**Information supplied:**
____

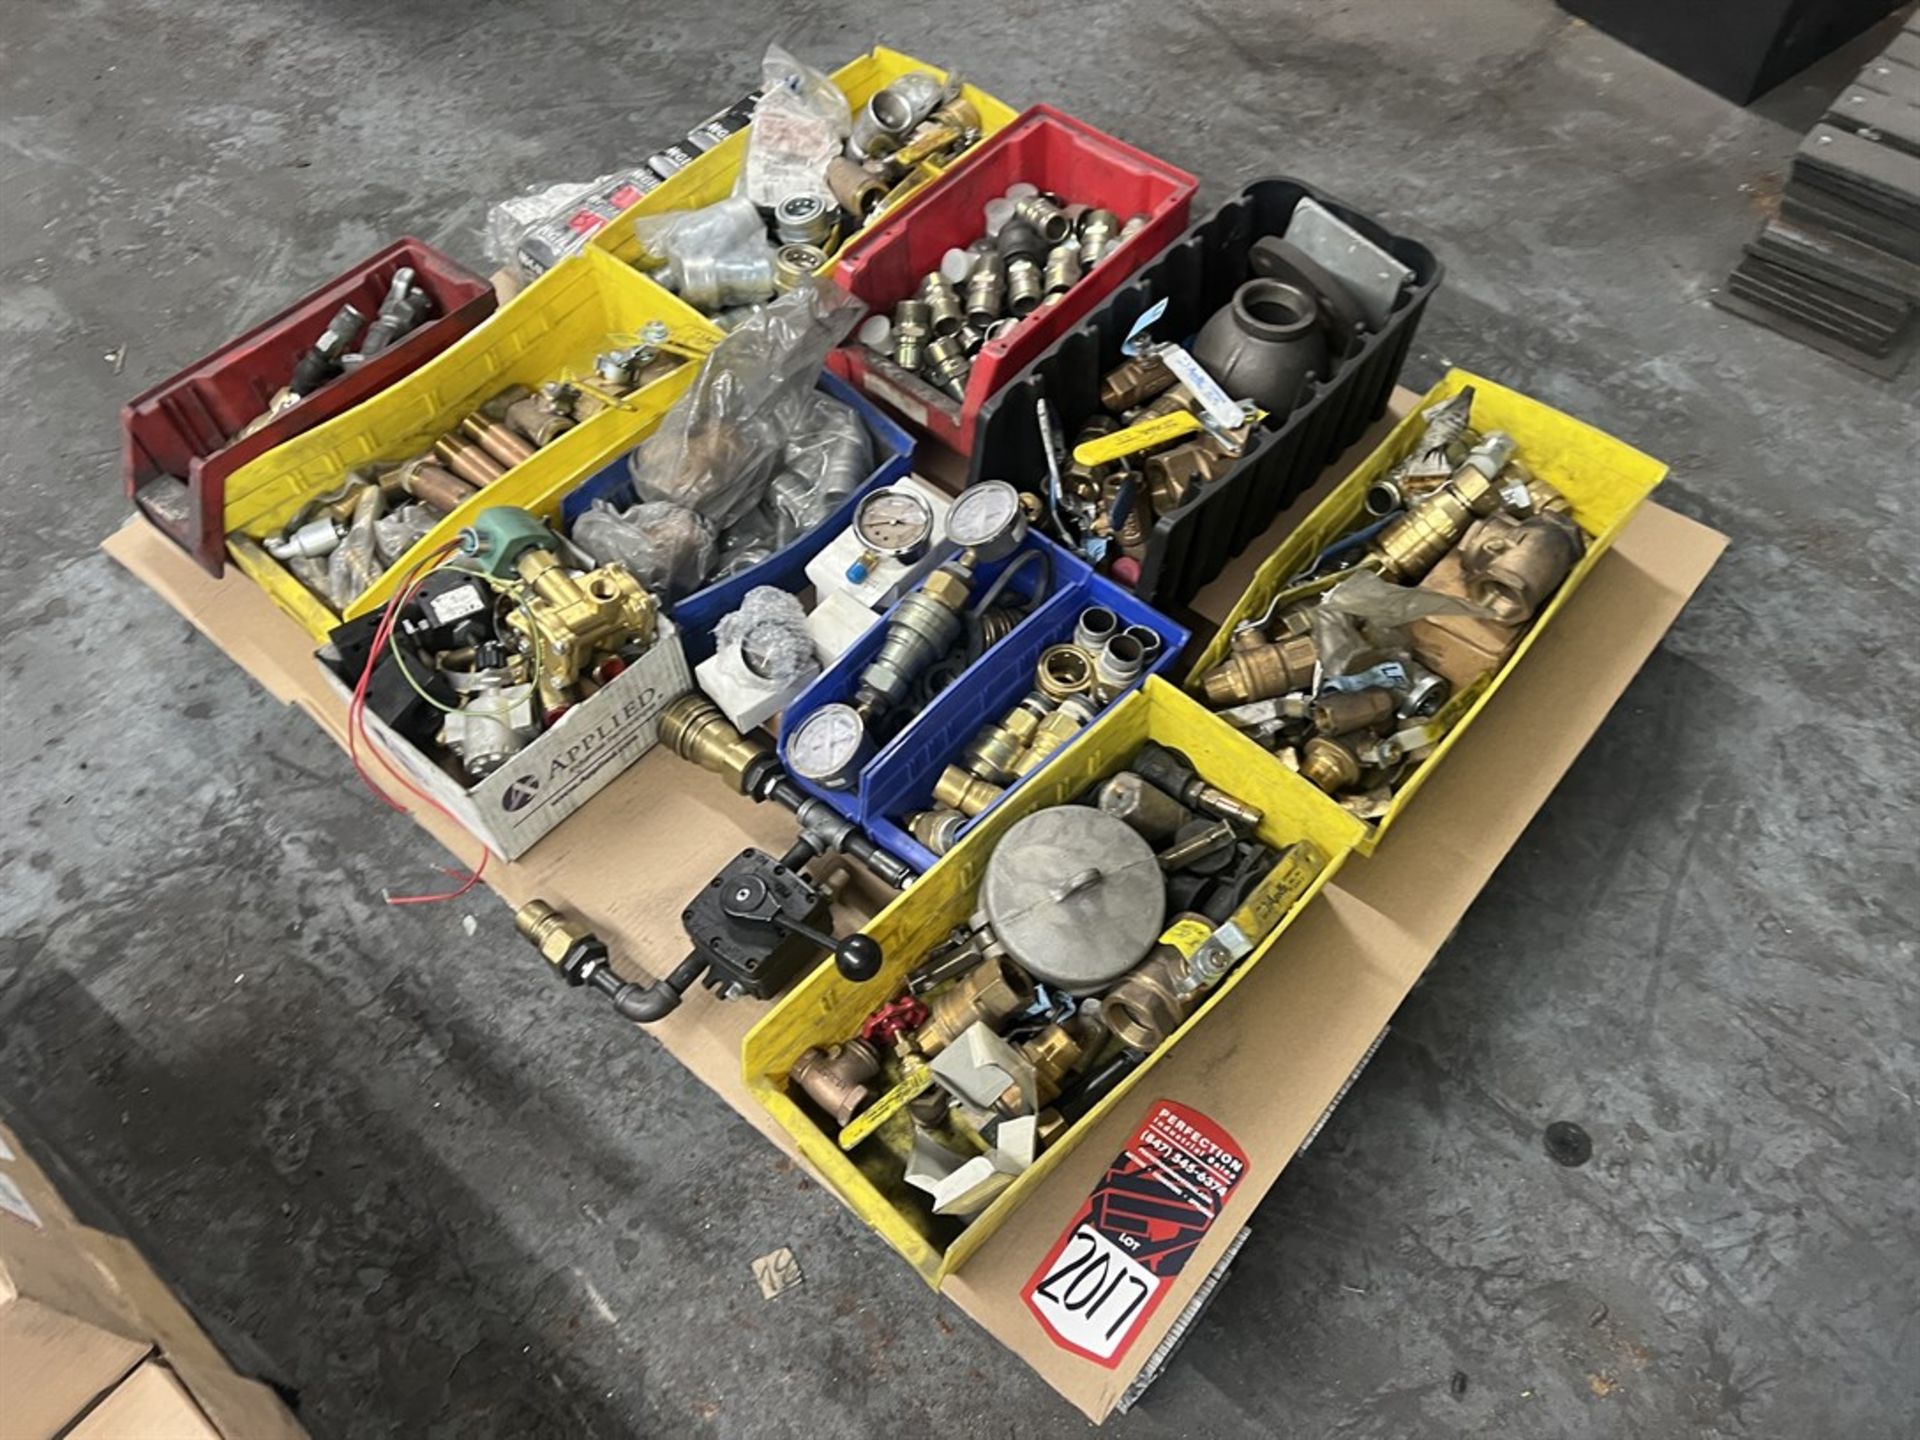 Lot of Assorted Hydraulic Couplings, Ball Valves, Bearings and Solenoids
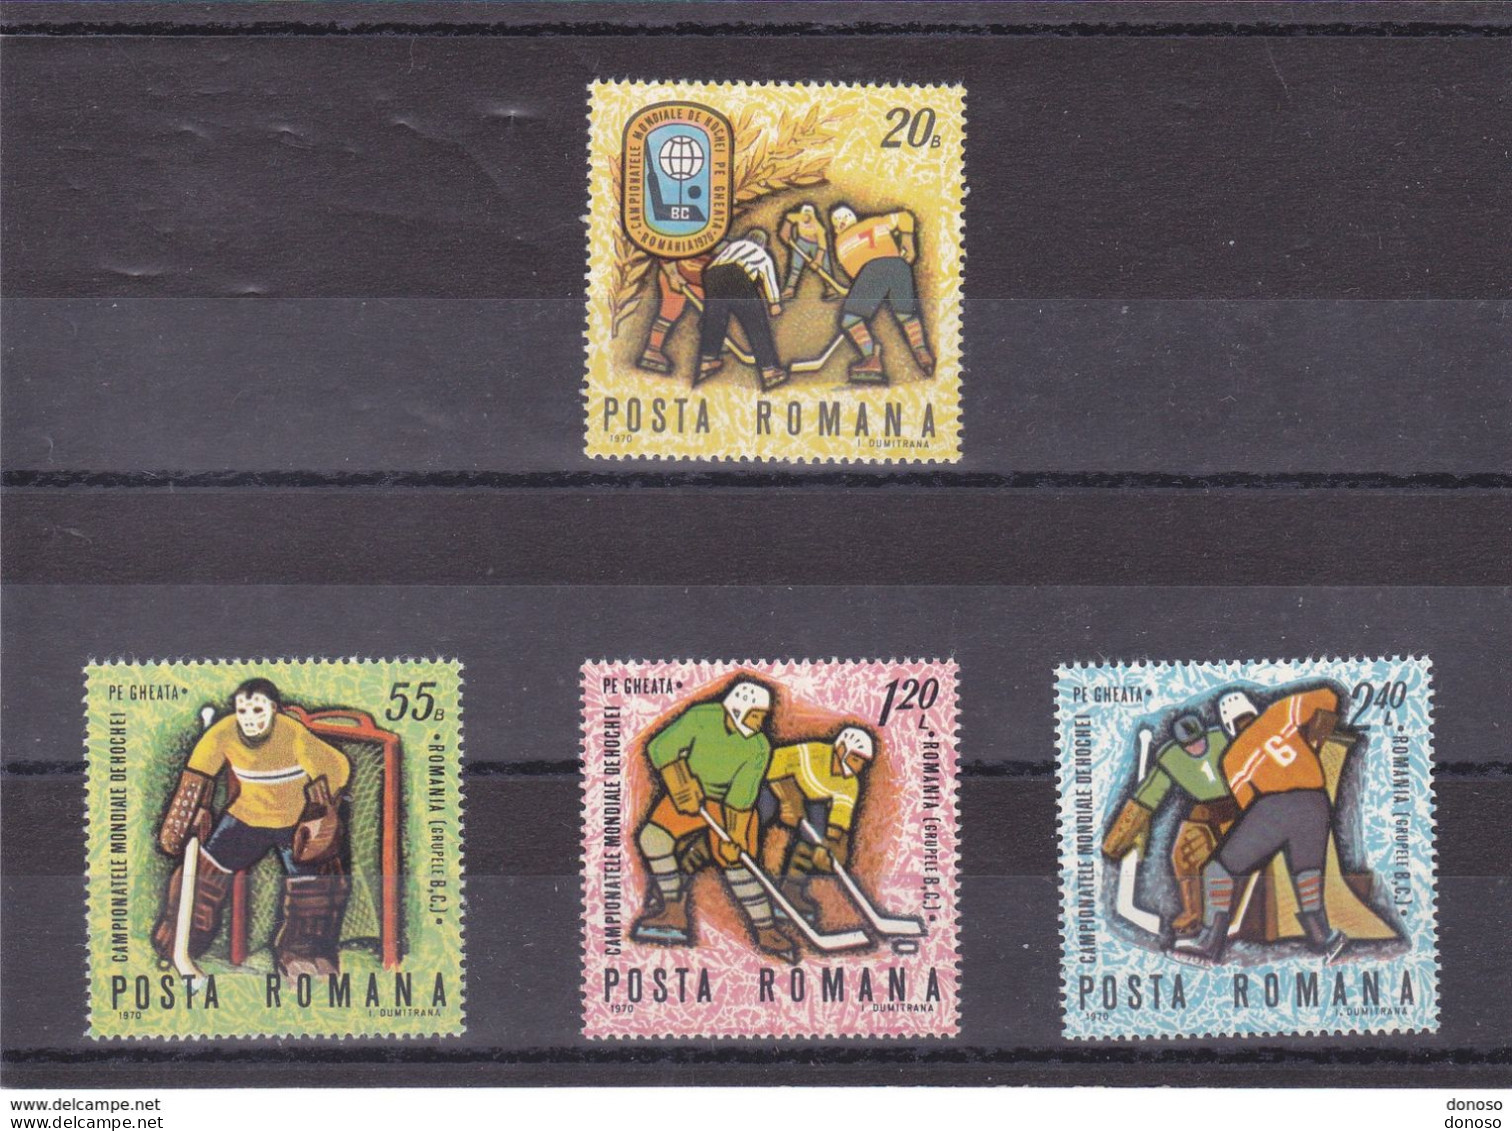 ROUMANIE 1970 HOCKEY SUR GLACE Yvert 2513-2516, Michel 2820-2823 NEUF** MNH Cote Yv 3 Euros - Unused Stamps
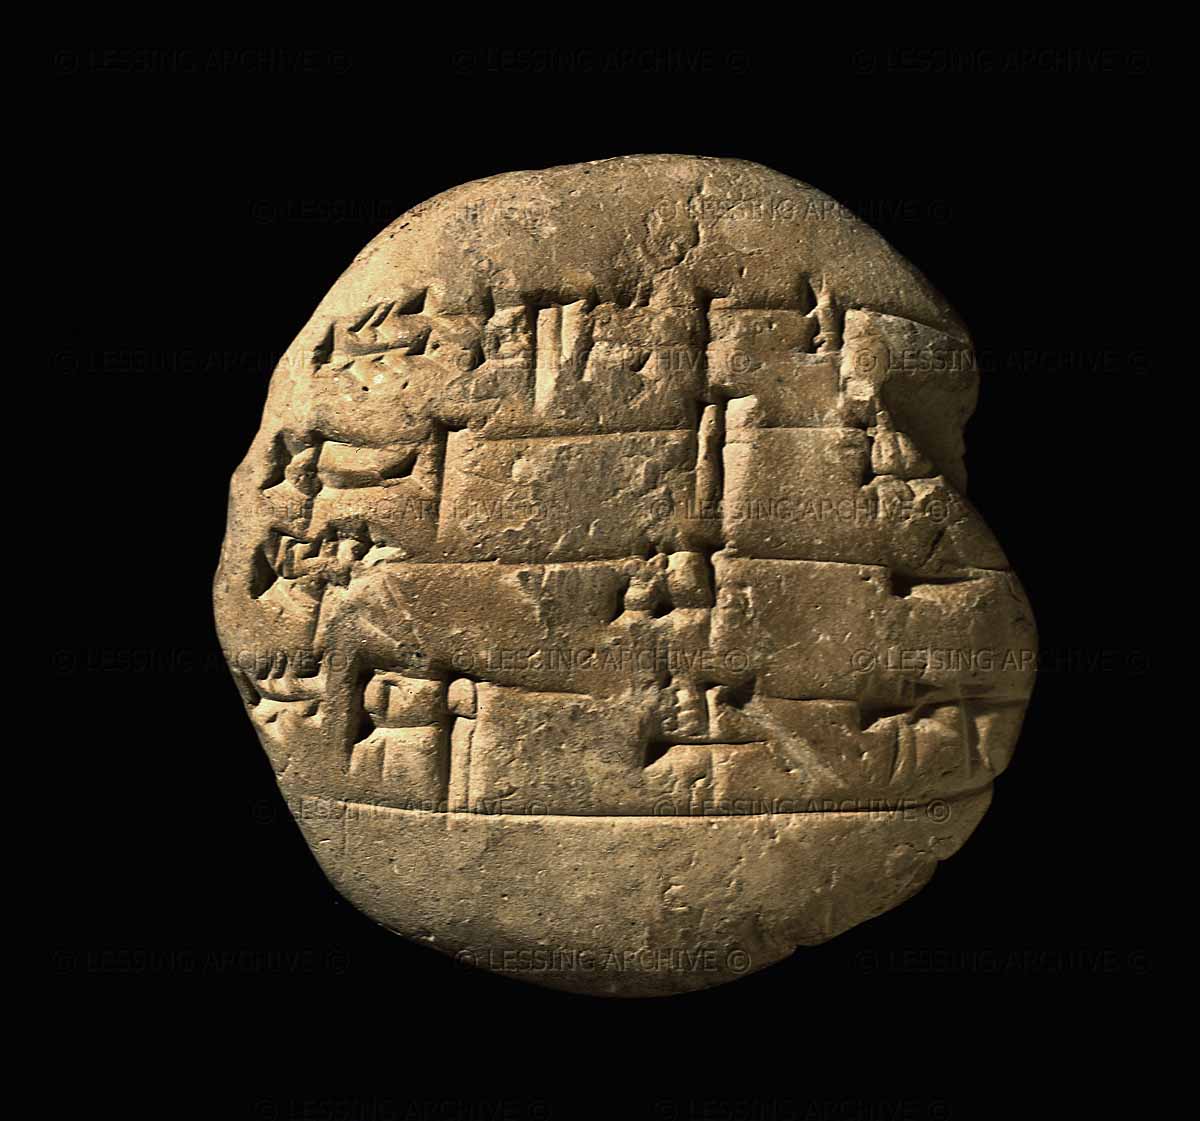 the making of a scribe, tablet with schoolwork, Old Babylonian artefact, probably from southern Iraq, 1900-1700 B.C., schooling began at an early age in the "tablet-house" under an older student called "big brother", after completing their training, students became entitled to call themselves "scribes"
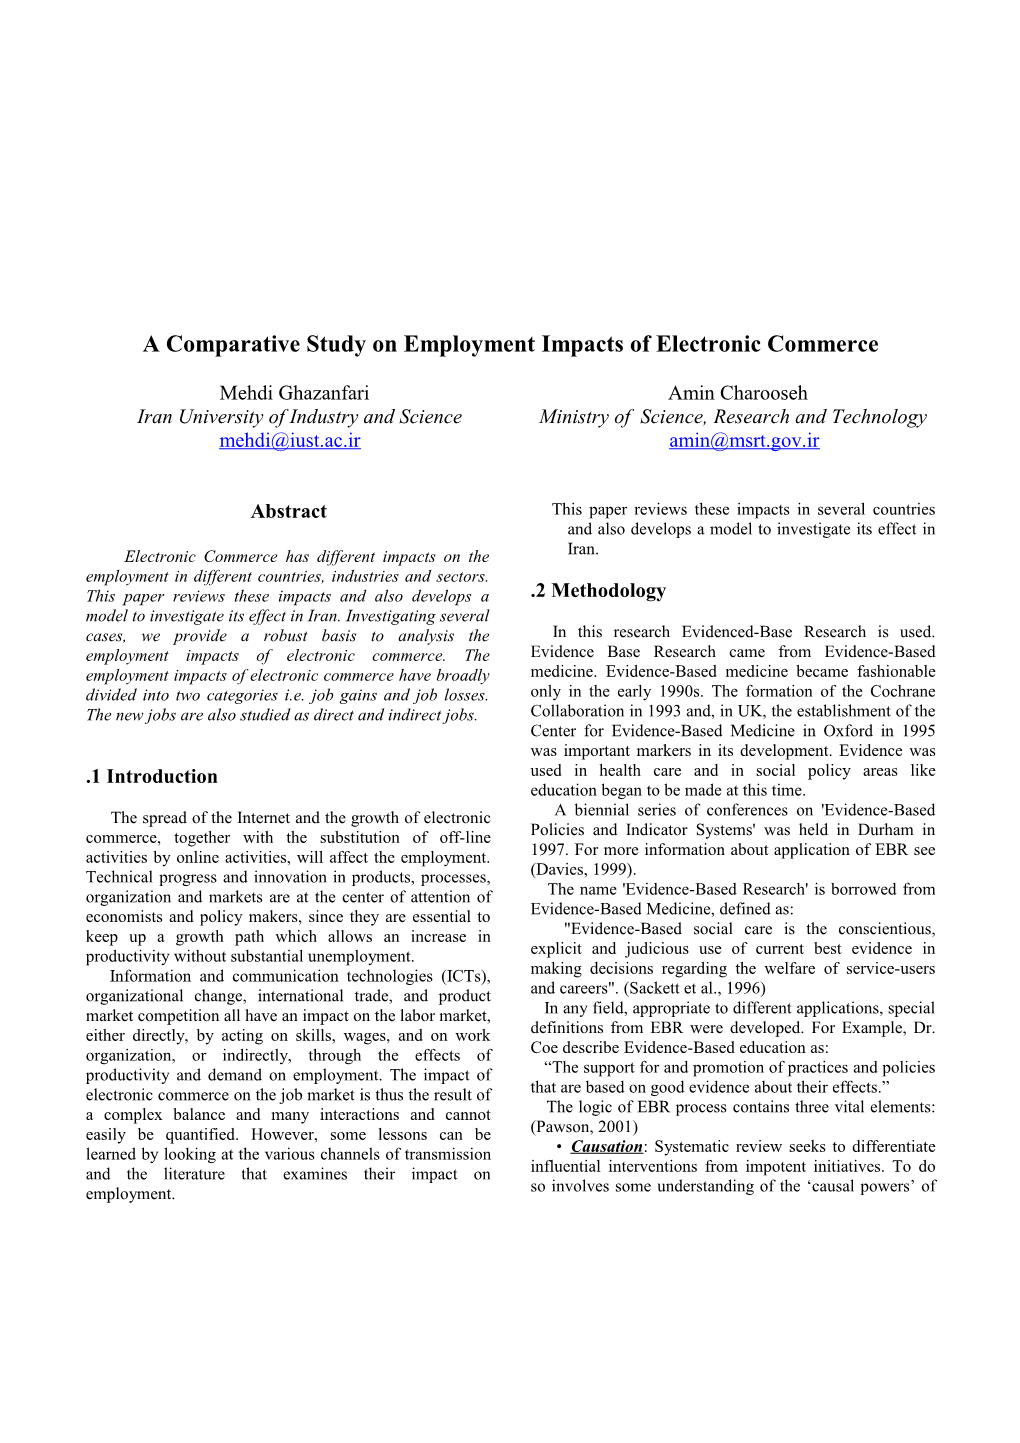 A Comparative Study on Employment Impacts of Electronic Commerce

____

Repeat verbatim the lines from the one with "ROUMANIE 1970 HOCKEY" through the end of the listing above. Include both ends, add nothing, and exclude the pictures.

 ROUMANIE 1970 HOCKEY SUR GLACE Yvert 2513-2516, Michel 2820-2823 NEUF** MNH Cote Yv 3 Euros - Unused Stamps
 the making of a scribe, tablet with schoolwork, Old Babylonian artefact, probably from southern Iraq, 1900-1700 B.C., schooling began at an early age in the "tablet-house" under an older student called "big brother", after completing their training, students became entitled to call themselves "scribes"
 A Comparative Study on Employment Impacts of Electronic Commerce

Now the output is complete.